═══ Recorded information ═══
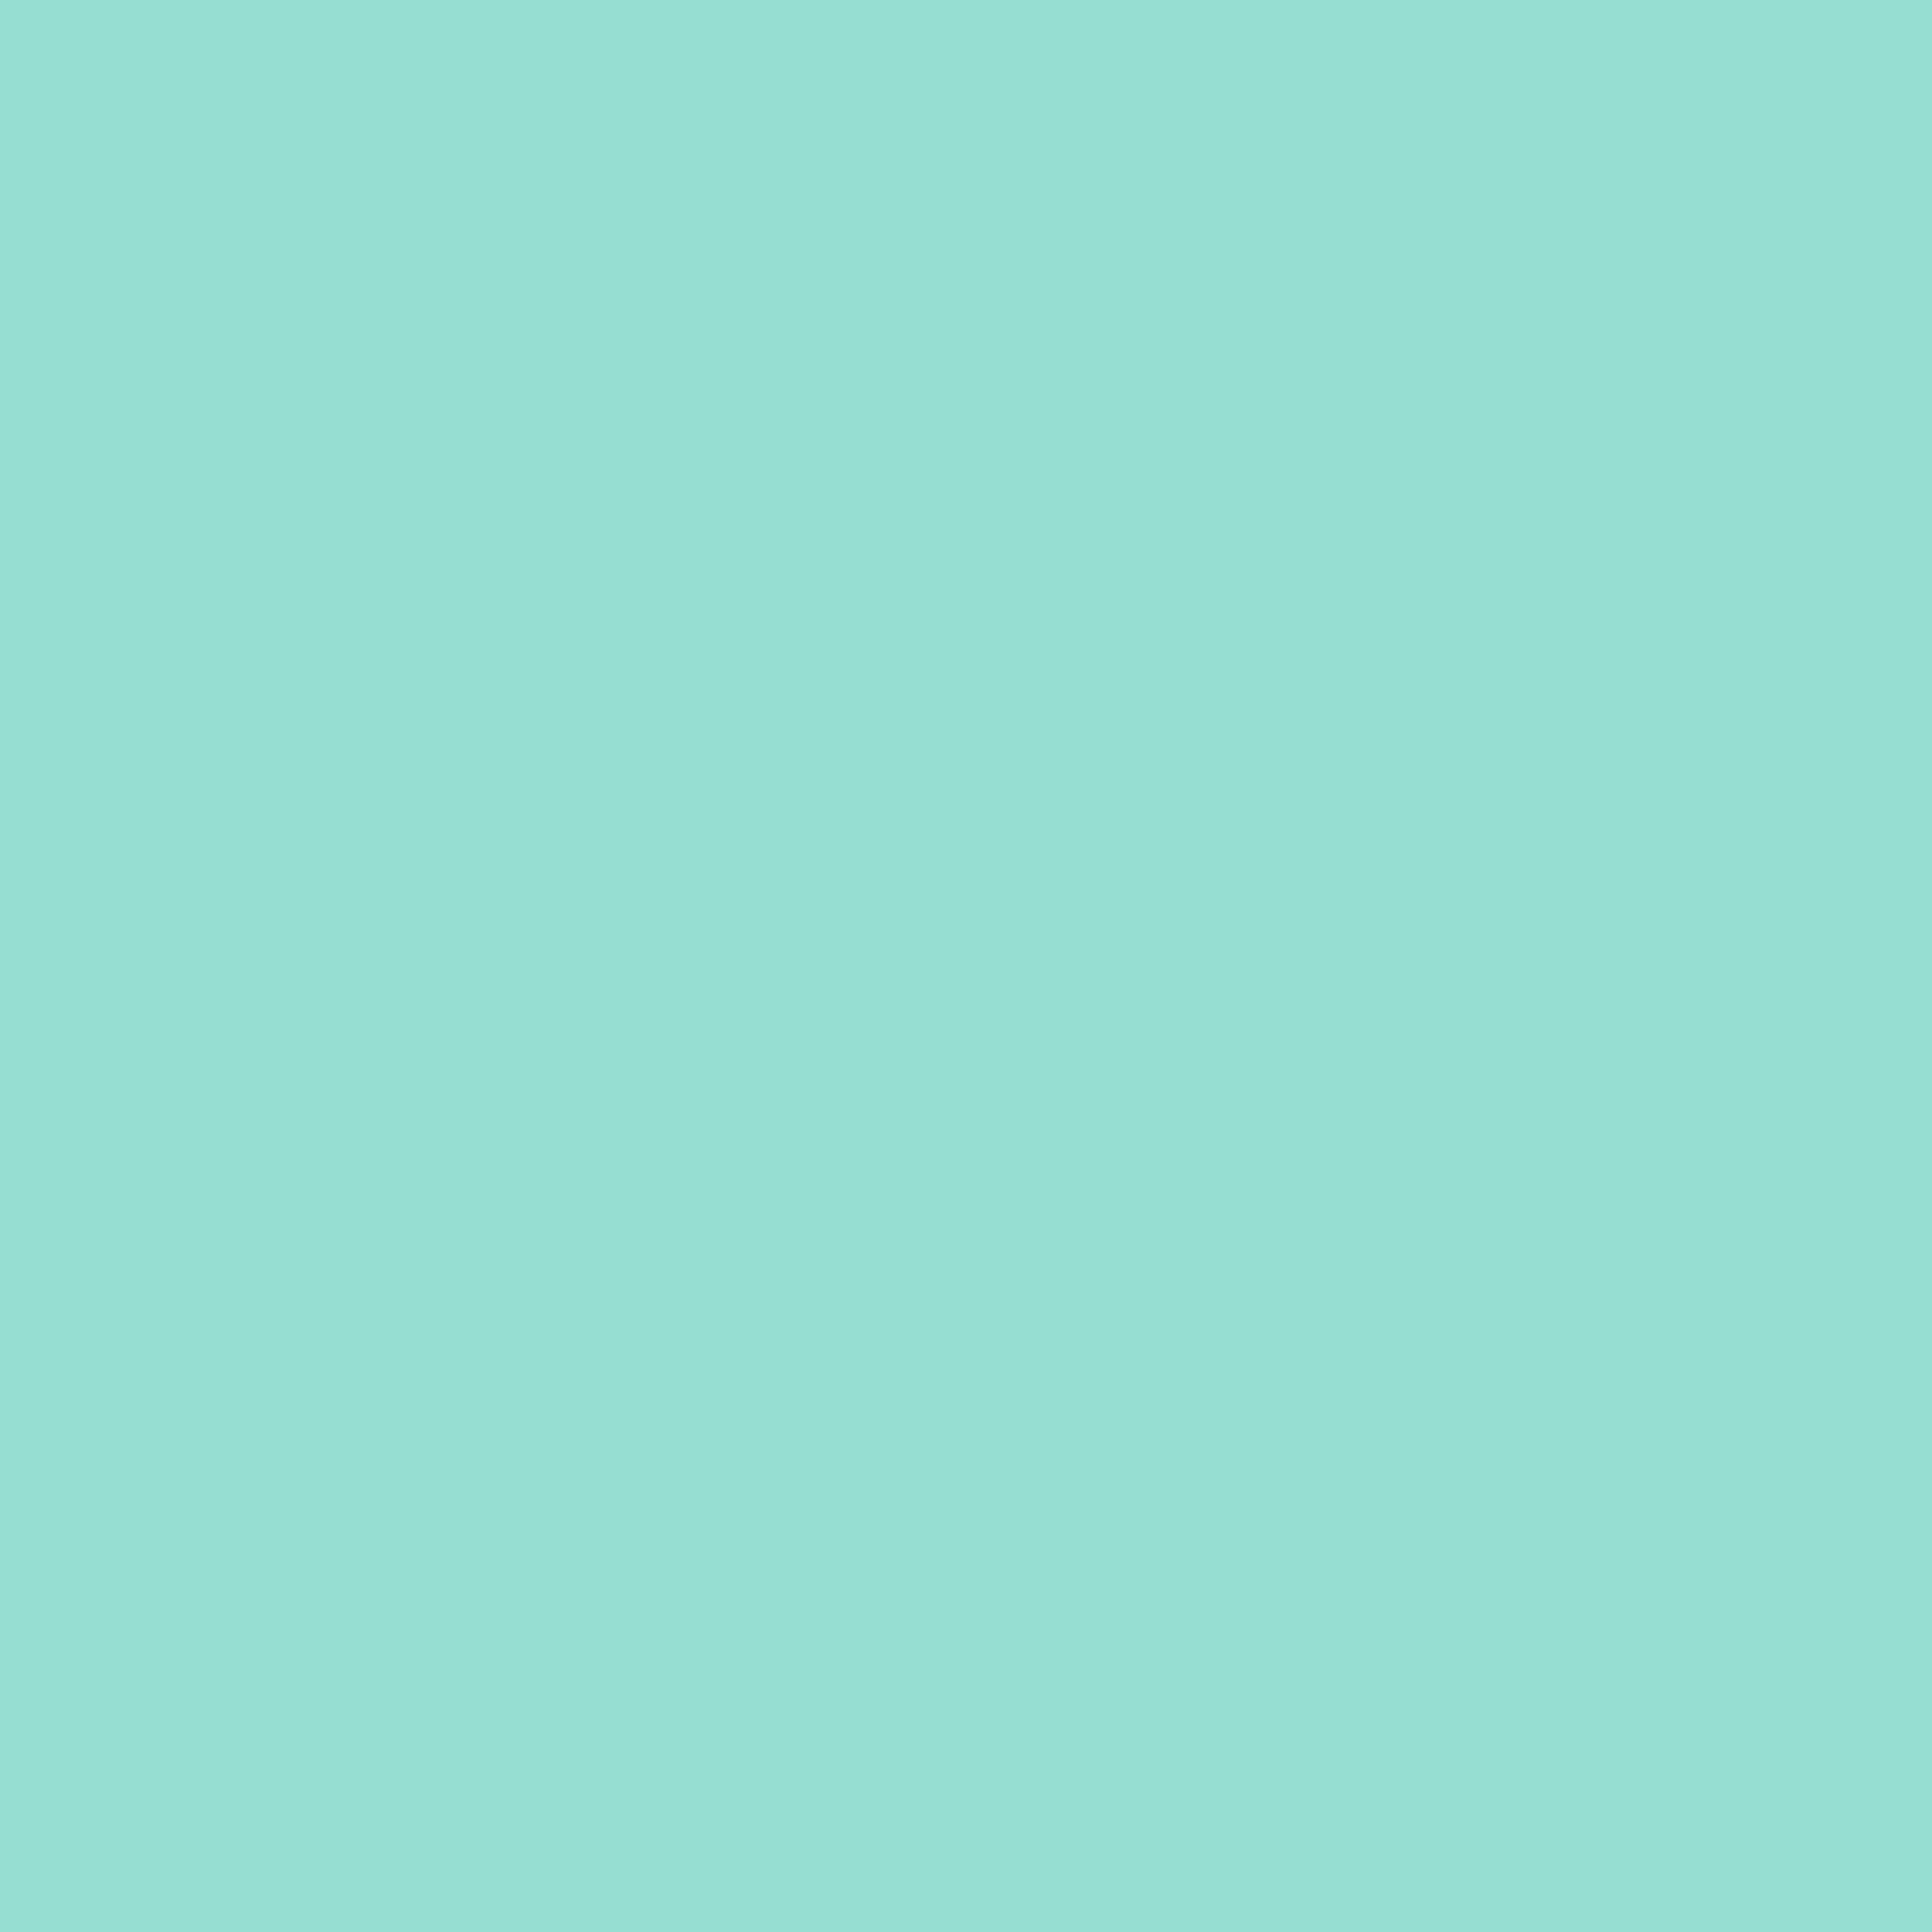 2732x2732 Pale Robin Egg Blue Solid Color Background
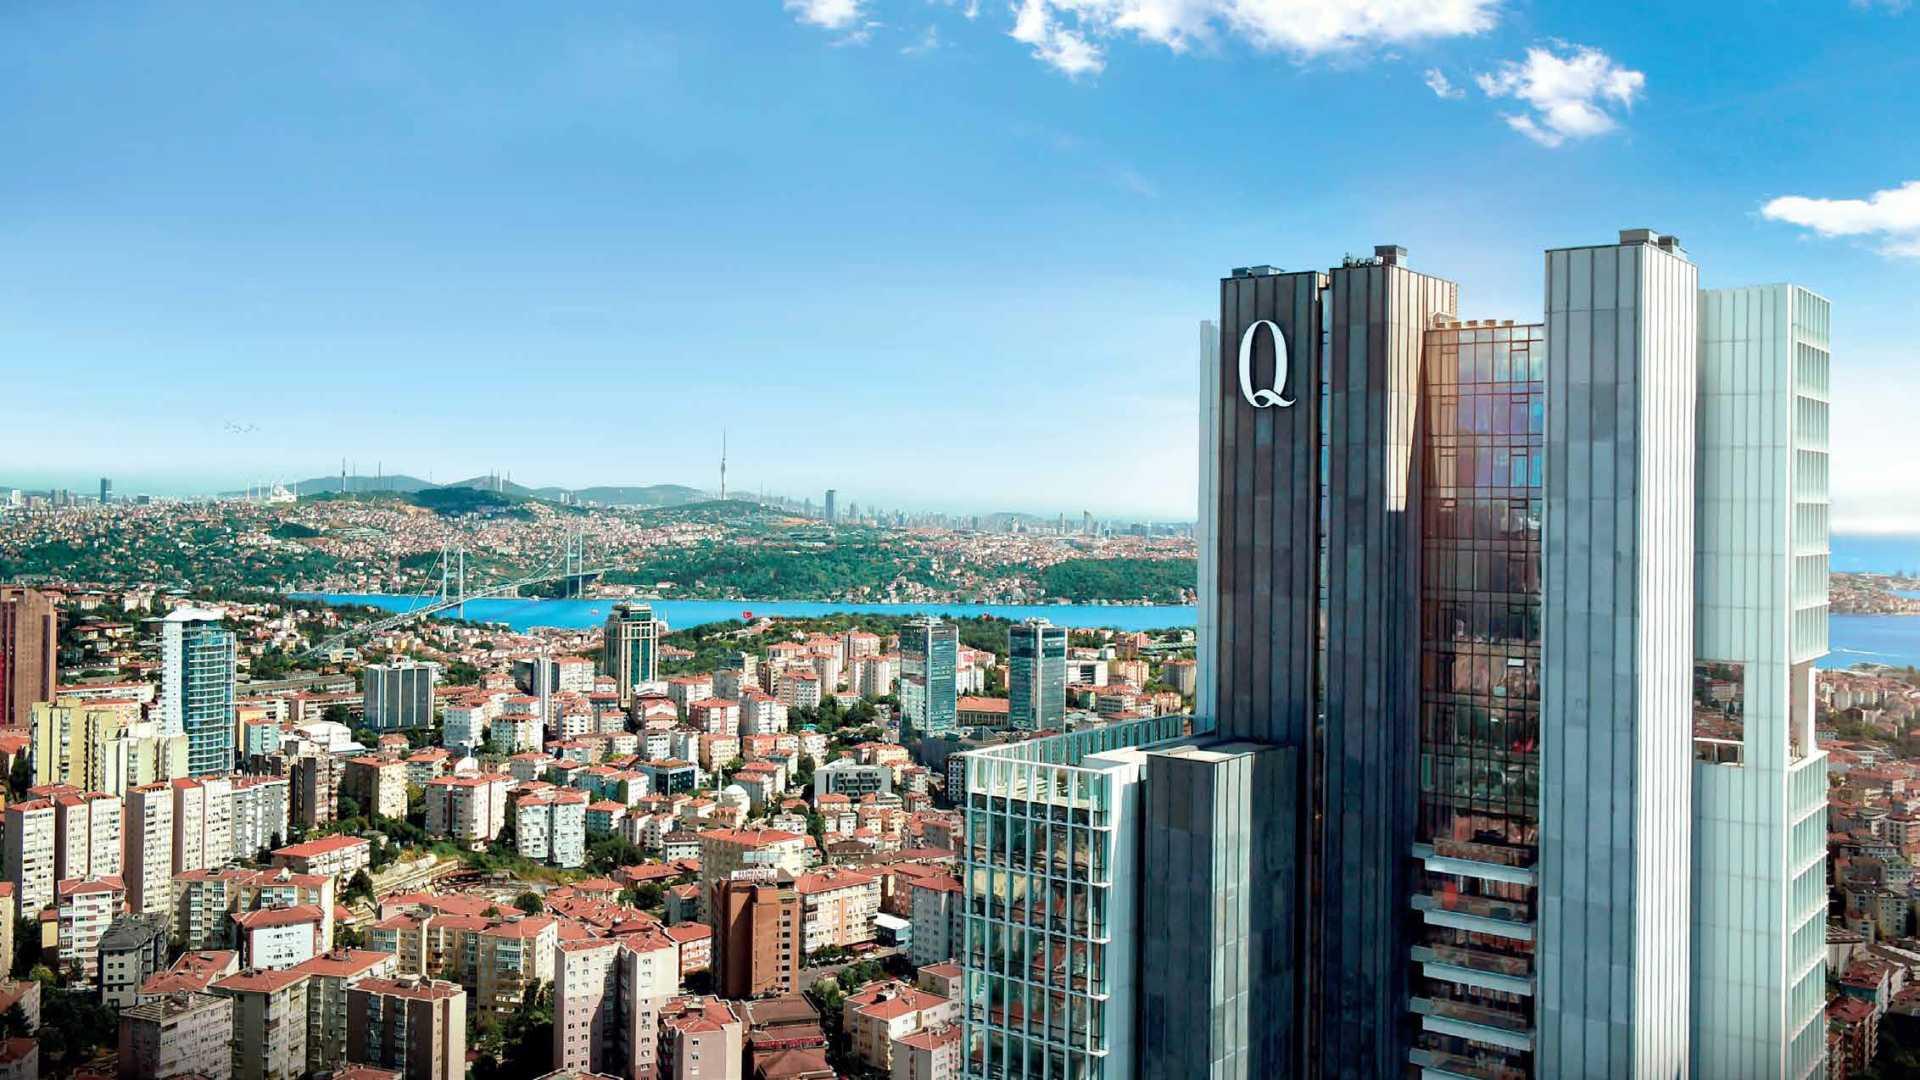 CATALOG 4 املاک ترکیه پروژه شماره 11
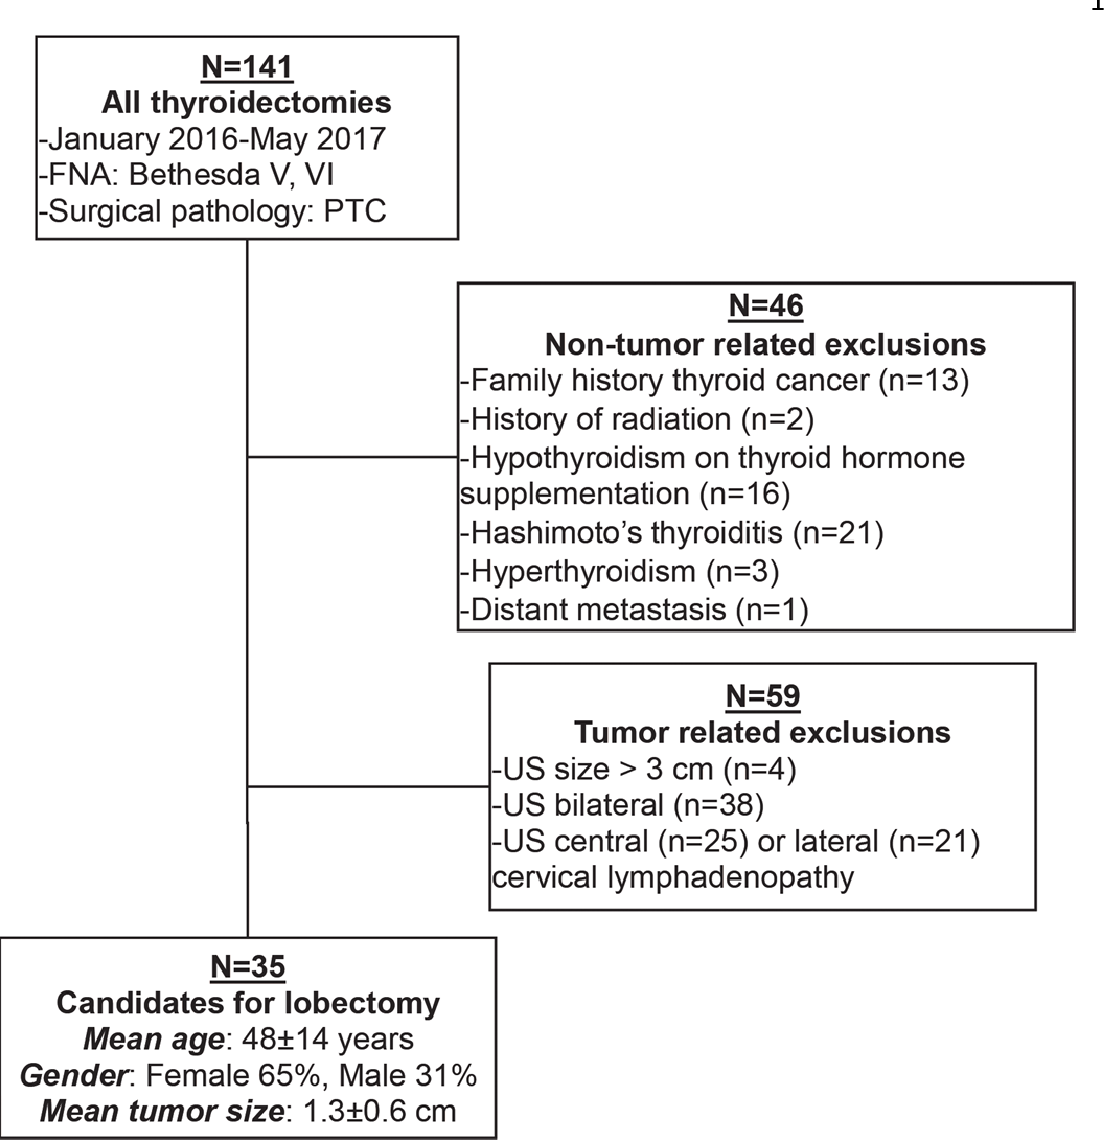 THYROIDECTOMY - Definiția și sinonimele thyroidectomy în dicționarul Engleză
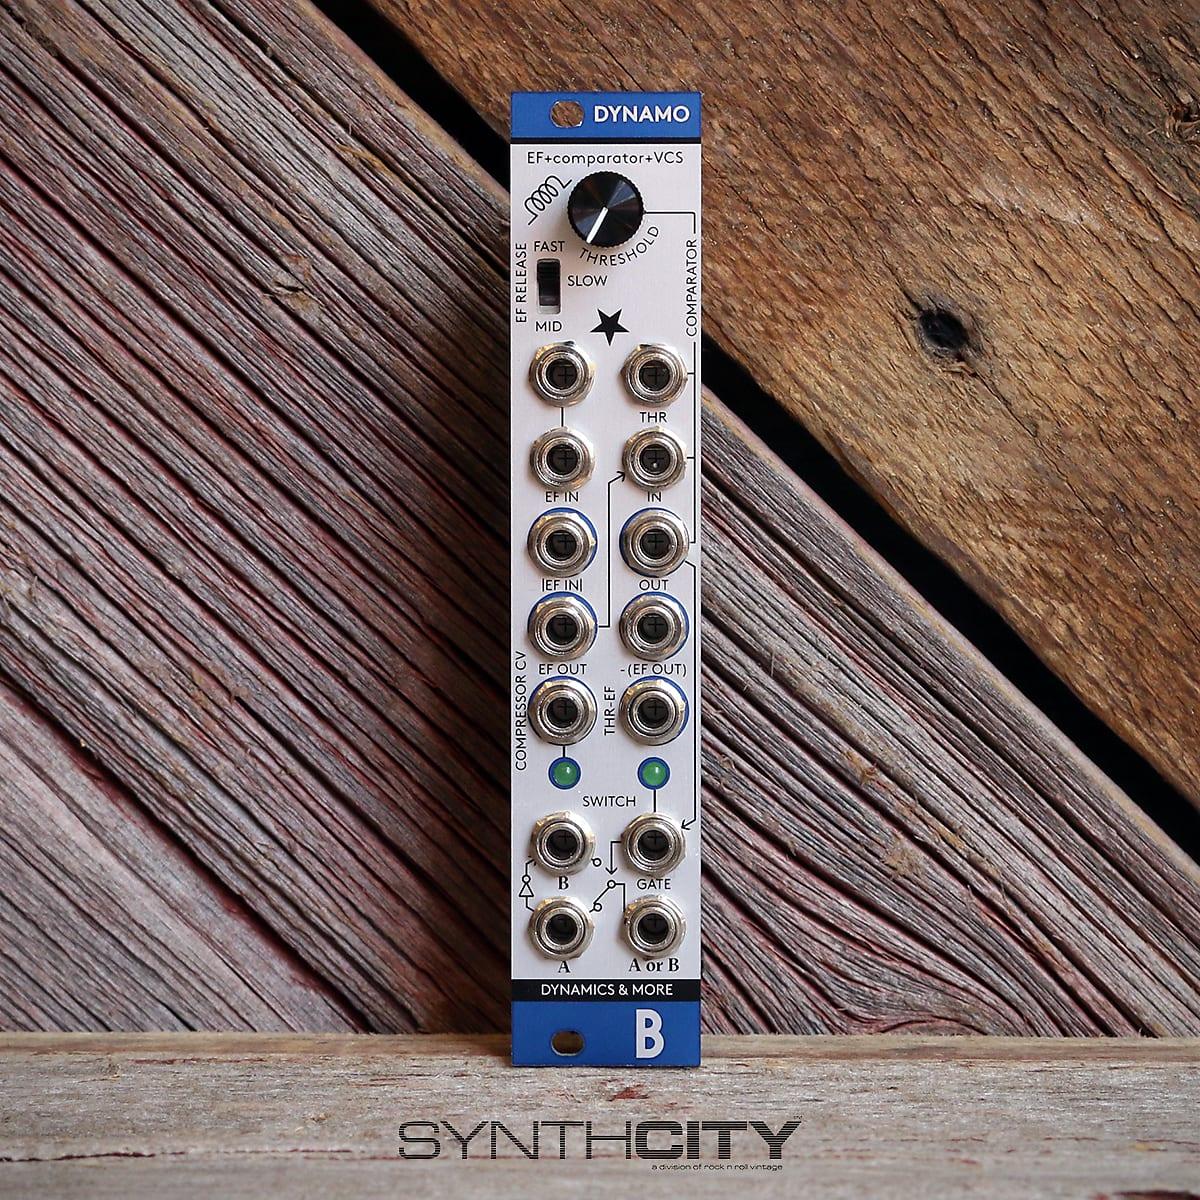 BASTL Instruments Dynamo
═══
What is expected: Set down the data above verbatim, omitting every image.

Written response:
 2732x2732 Pale Robin Egg Blue Solid Color Background
 CATALOG 4 املاک ترکیه پروژه شماره 11
 THYROIDECTOMY - Definiția și sinonimele thyroidectomy în dicționarul Engleză
 BASTL Instruments Dynamo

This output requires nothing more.